---- Data segment
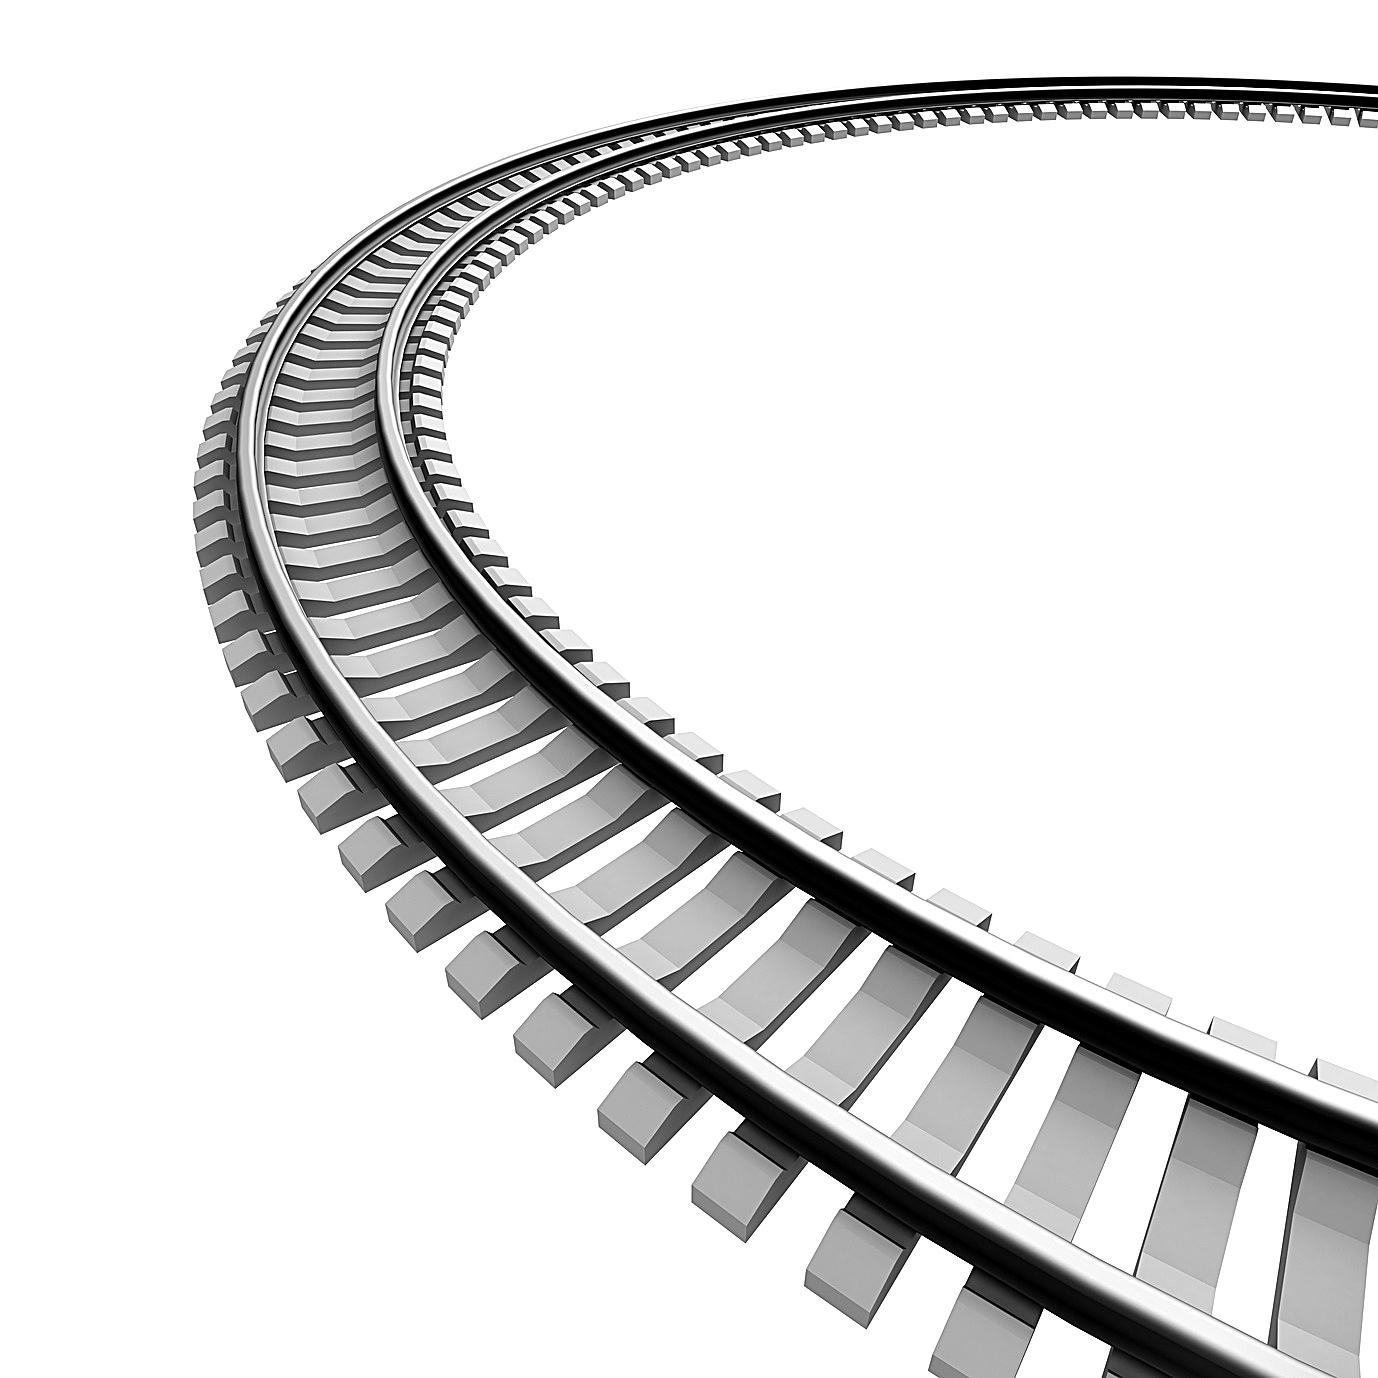 железная дорога картинка пнг торг предоставляет
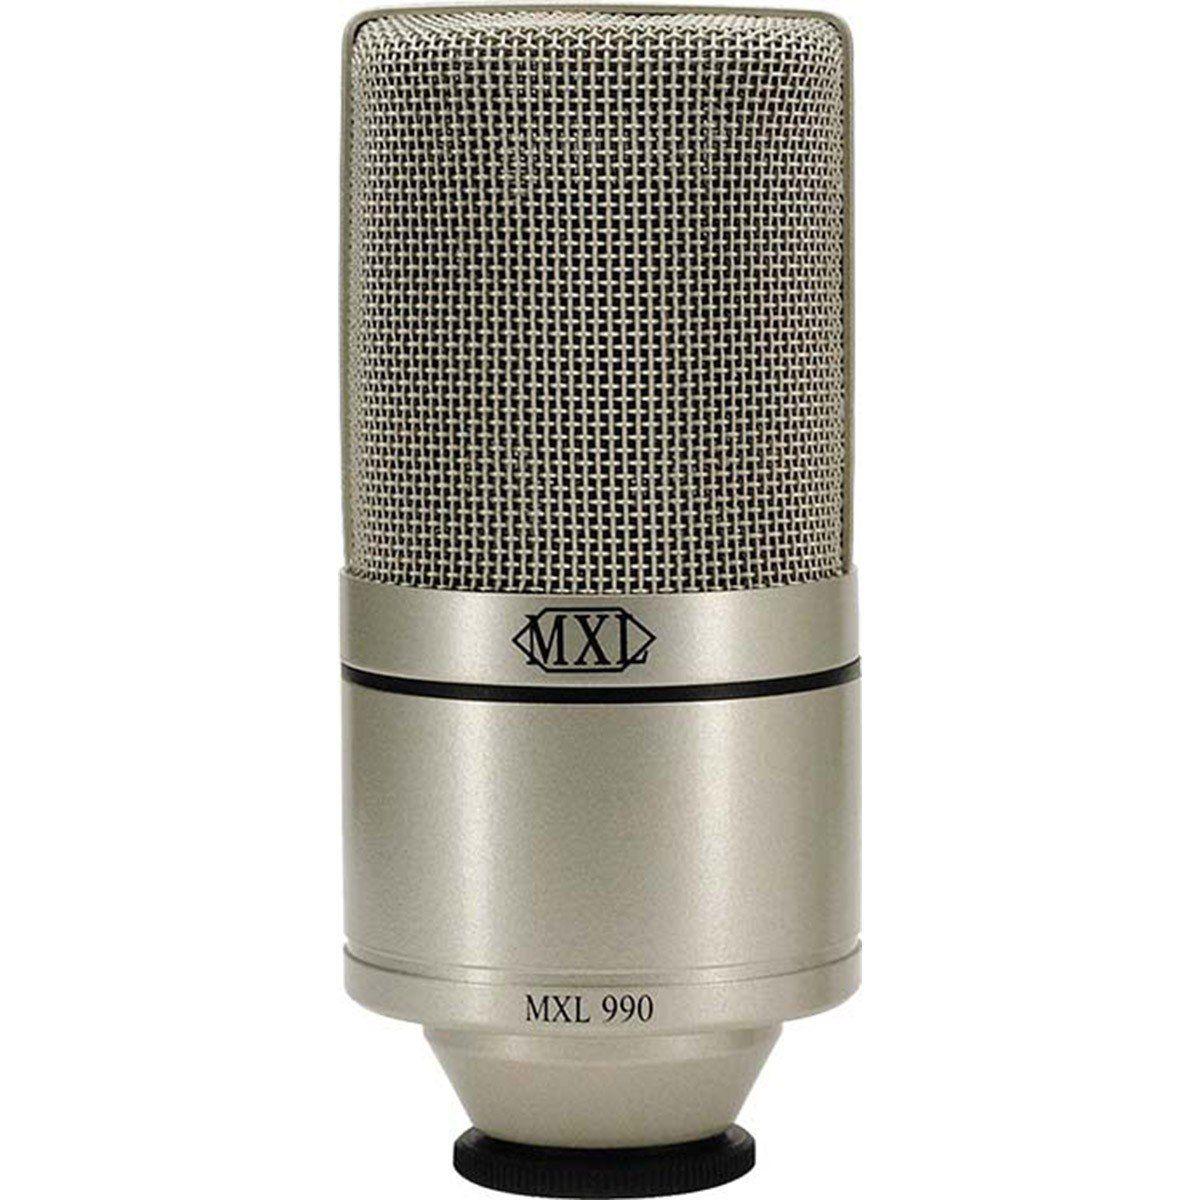 Microfone MXL 990 - Condensador
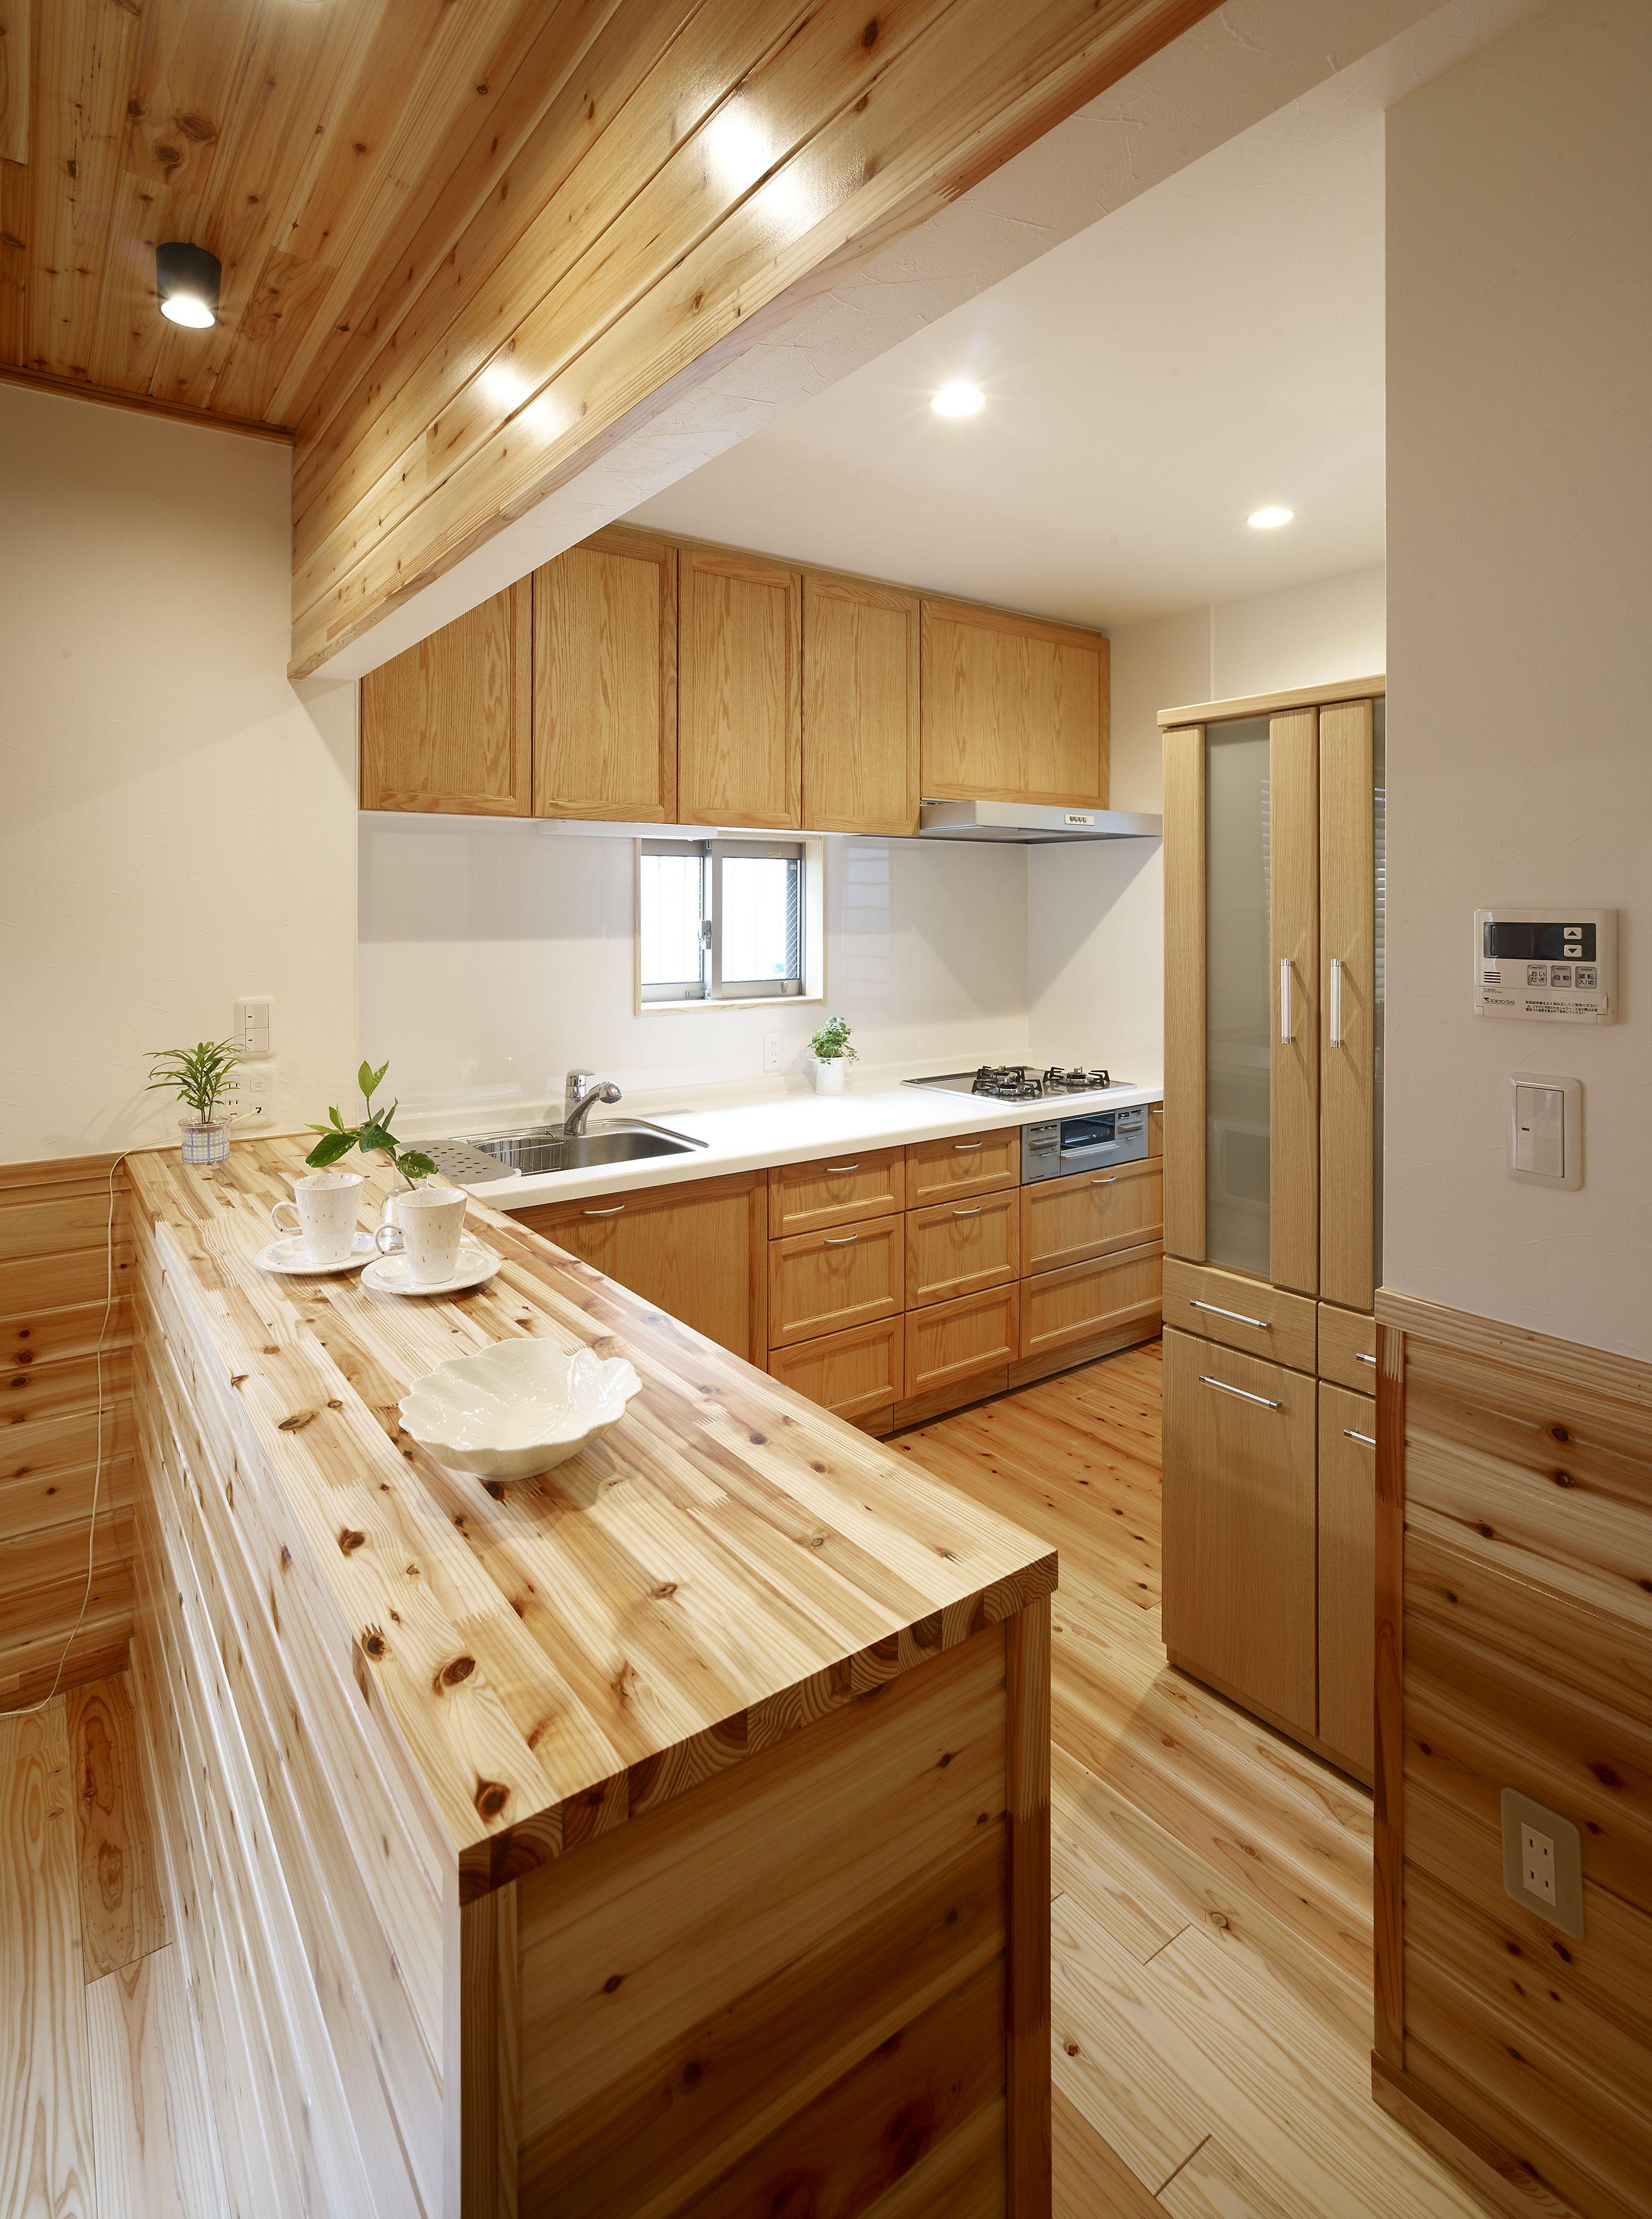 ずっと憧れていたログハウス風の住まいにリノベーション 木目の綺麗な框扉のキッチン は台輪まで引出しタイプのフロアキャビネットでたっぷり収納できます 床 壁 天井には杉の無垢材をふんだんに用いました メンテナンスのしやすさを考慮し 汚れ防止のクリア塗装で
--------
• _What you will do_
An exact copy of every line above is needed, without the images.

• _Finished task_
 железная дорога картинка пнг торг предоставляет
 Microfone MXL 990 - Condensador
 ずっと憧れていたログハウス風の住まいにリノベーション 木目の綺麗な框扉のキッチン は台輪まで引出しタイプのフロアキャビネットでたっぷり収納できます 床 壁 天井には杉の無垢材をふんだんに用いました メンテナンスのしやすさを考慮し 汚れ防止のクリア塗装で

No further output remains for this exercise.